= Trade Development Bank =

Former Geneva-based bank

Trade Development Bank (TDB) was a private Geneva-based bank built by Edmond Safra, who also founded Brazil's sixth largest bank, Banco Safra, in the 1950s. Beginning with only US$1 million in funds, TDB grew into the flagship of Safra’s international banking empire, with nearly US$5 billion in deposits by the early 1980s. TDB's mode of banking was different from much of that done in the Western world, as it relied on intimacy and familiarity with depositors' personalities rather than balance sheets and hard numbers.

In 1983, Safra sold TDB for US$550 million to American Express. The acquisition was part of a plan by American Express chairman Jim Robinson to break into the private depositor banking industry; TDB was intended to be the third arm of American Express's financial empire, reaching wealthy, international private depositors. In exchange for TDB, Safra was inducted to the board of American Express.
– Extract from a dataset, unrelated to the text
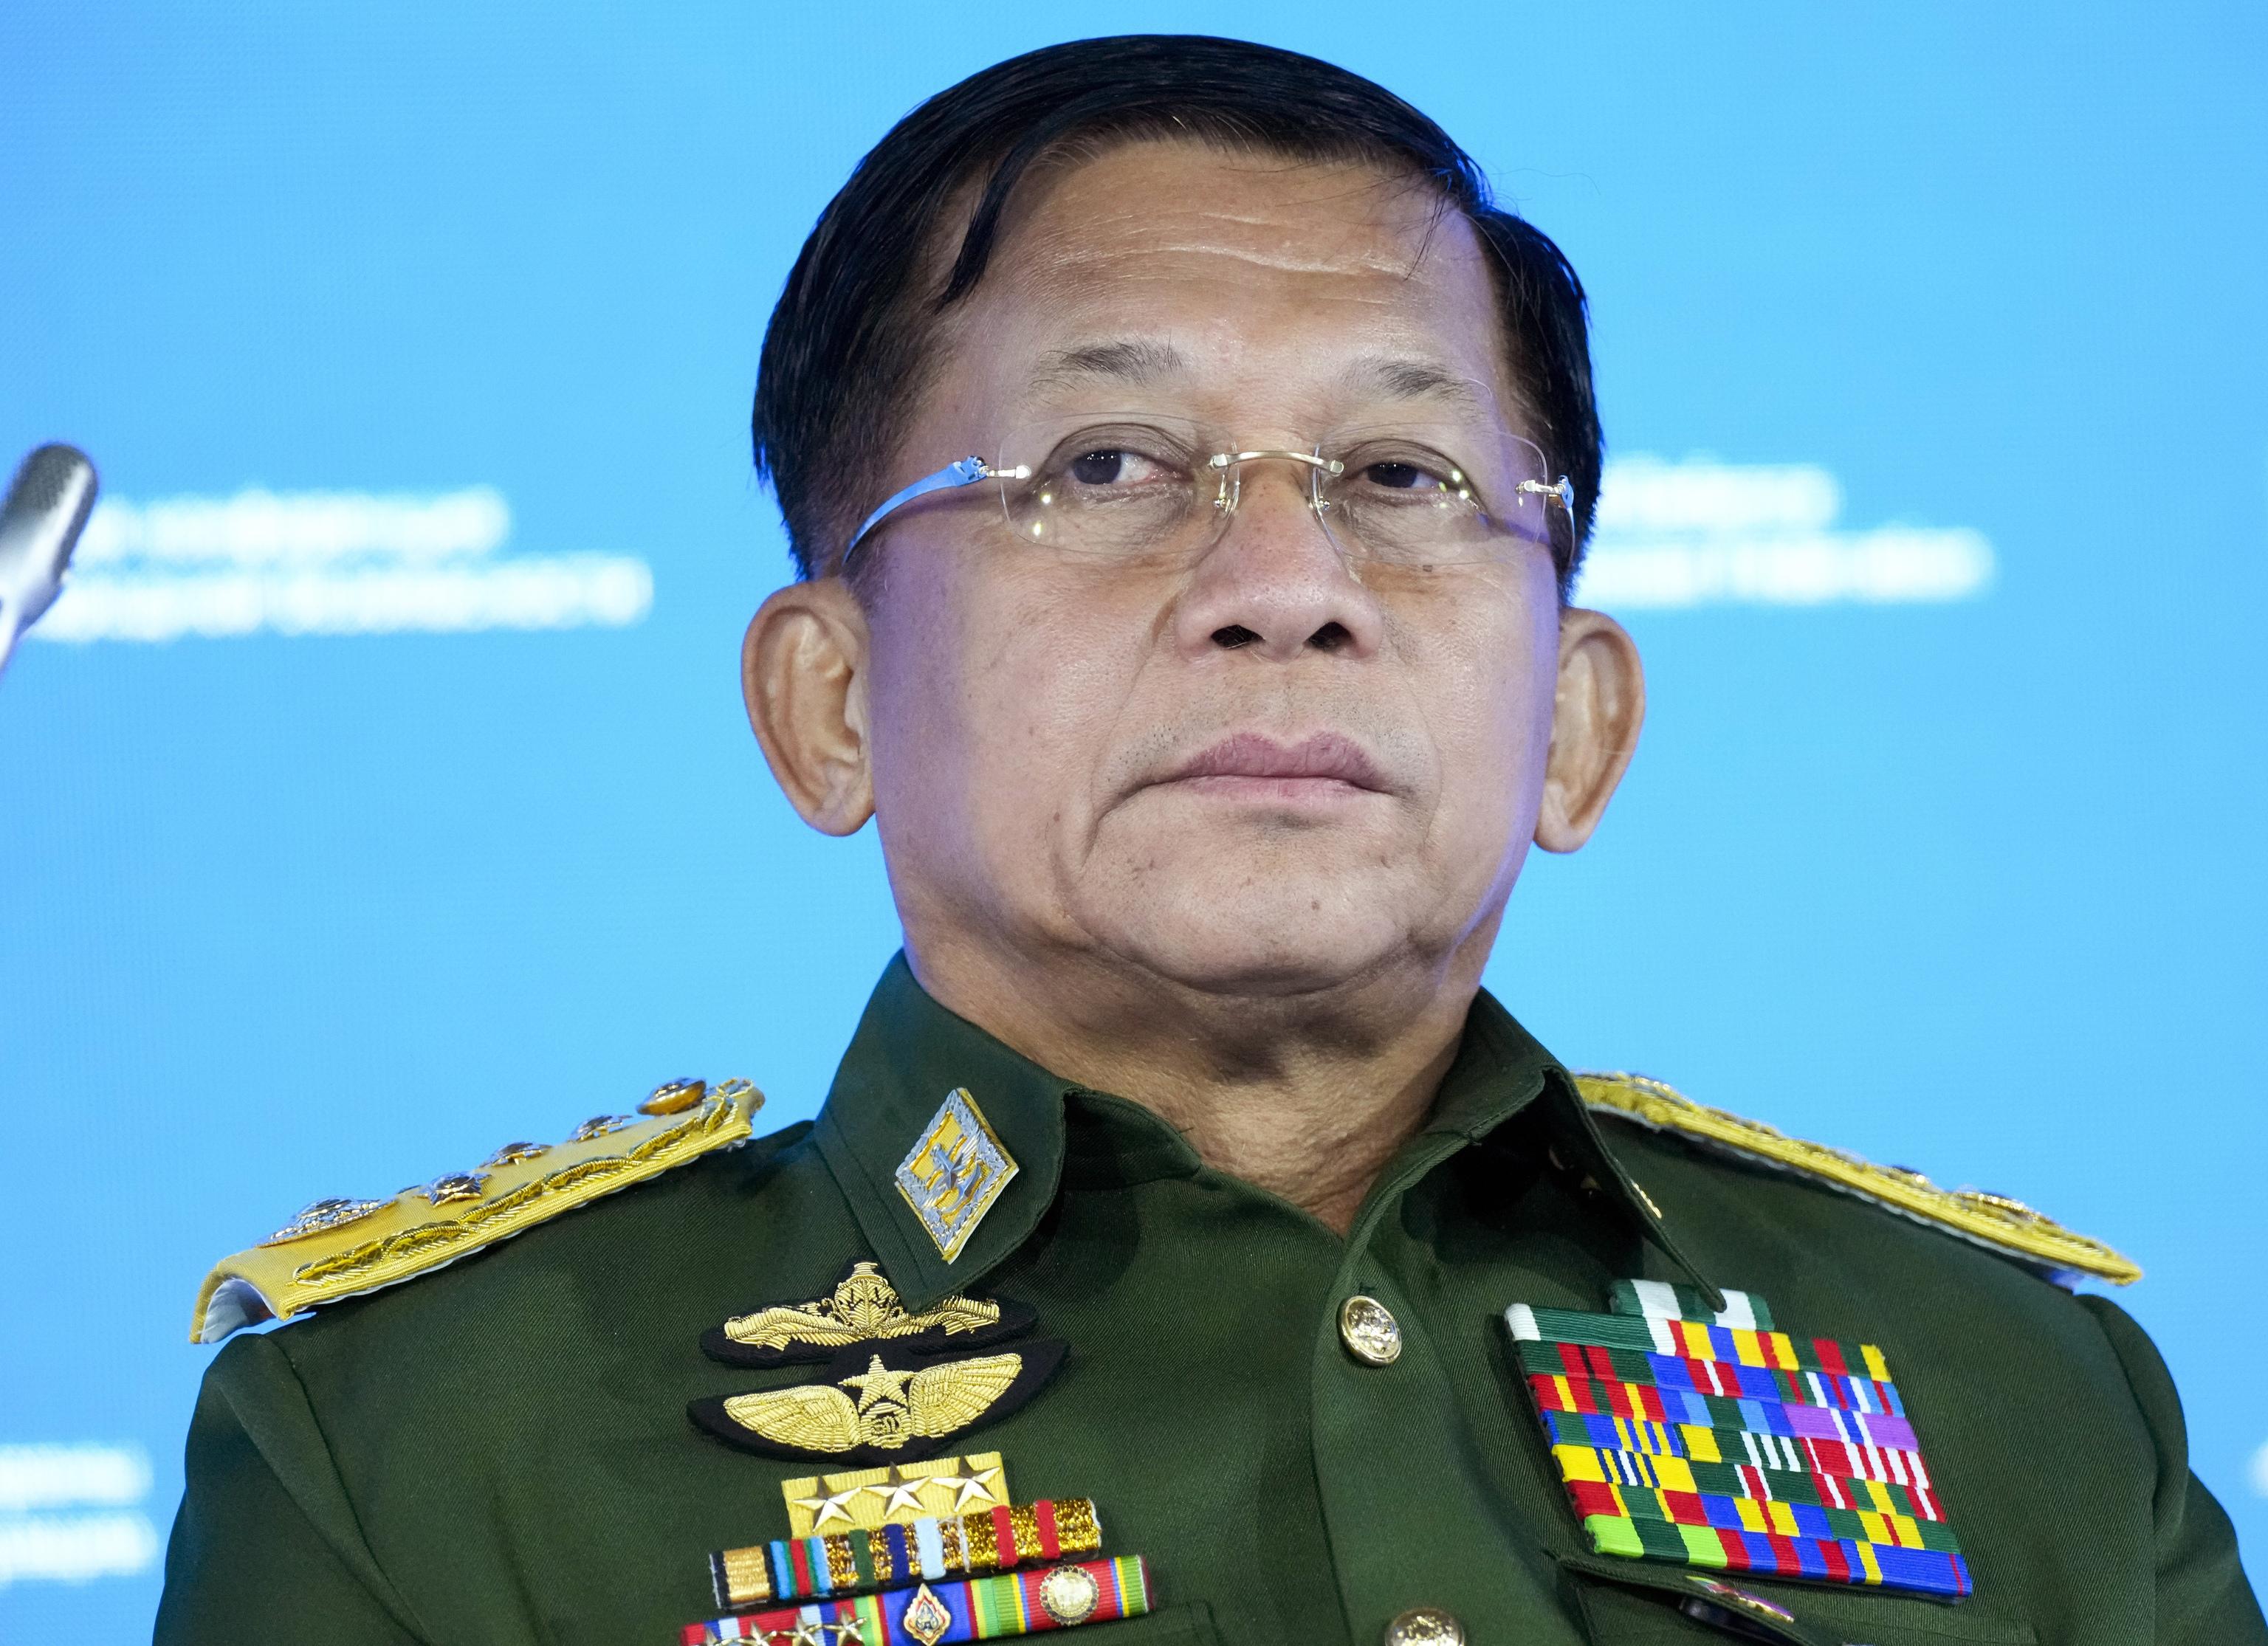 El líder de la junta militar birmana, Min Aung Hlaing.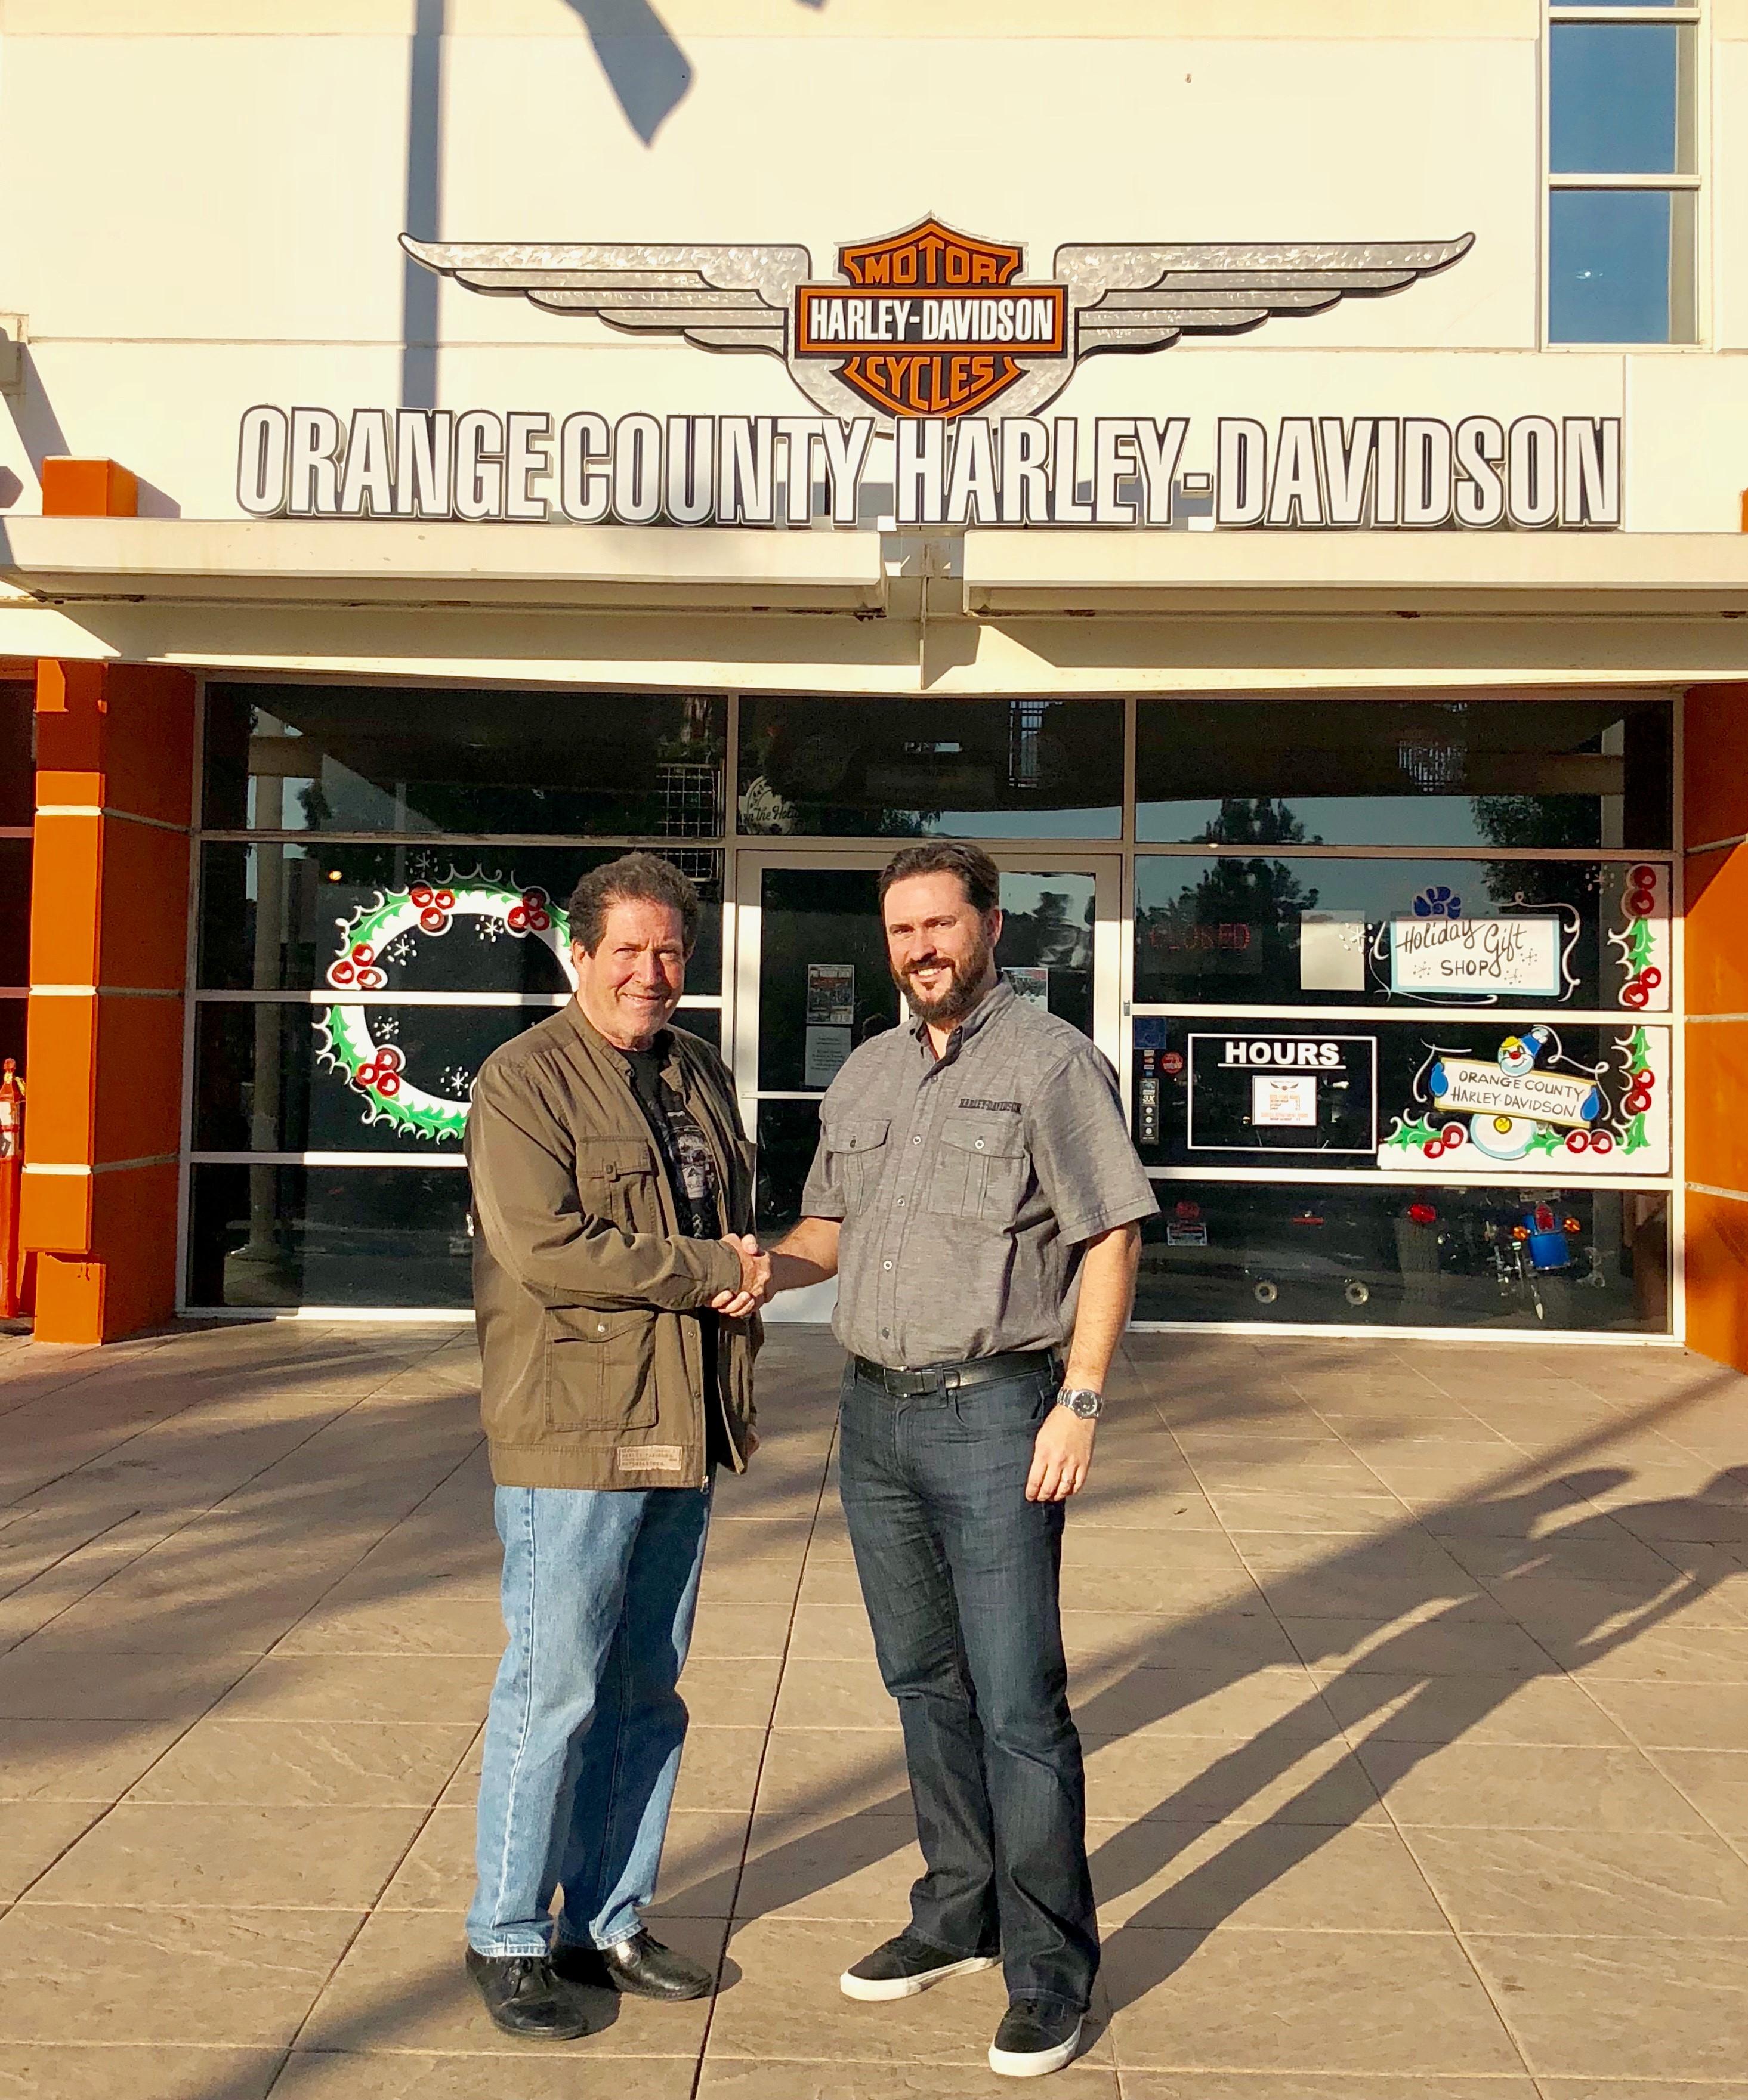 Orange County Harley-Davidson In Irvine, California Sells

However, TDB quickly realized that American Express was unable to uphold promises which had encouraged them to accept the deal, and that they had been excluded from important company decisions, such as the US$1 billion acquisition of Minneapolis financial services firm Investors Diversified Services. TDB was only notified of the Investors deal after their executives received a dispatch fresh from the Dow Jones news wire. Among other incidents, there was also a public announcement by American Express of a US$242 million earnings loss due to excessive insurance claims paid out through their California-based insurance company, Fireman's Fund. The claims contributed to American Express's first yearly net earnings loss; TDB was not given any warning of this.

After the claims incident, Safra tried to separate TDB from its parent company. When American Express repeatedly refused to sell TDB back to him, he went on to open a competing bank. In response, American Express acted on its suspicions about Safra's business activities, reporting to the media that he was being investigated by the FBI for involvement in the Iran–Contra affair, in addition to drug trafficking and collaboration with the mafia. These accusations were later confirmed to be false by Harry Freeman, Robinson's right-hand man and public relations chief; he would eventually resign from American Express. In July 1989, American Express publicly apologized to Safra and donated US$8 million to a charity of his choice.

In 1989, American Express sold its Swiss banking operations to Compagnie de Banque et d’Investissements.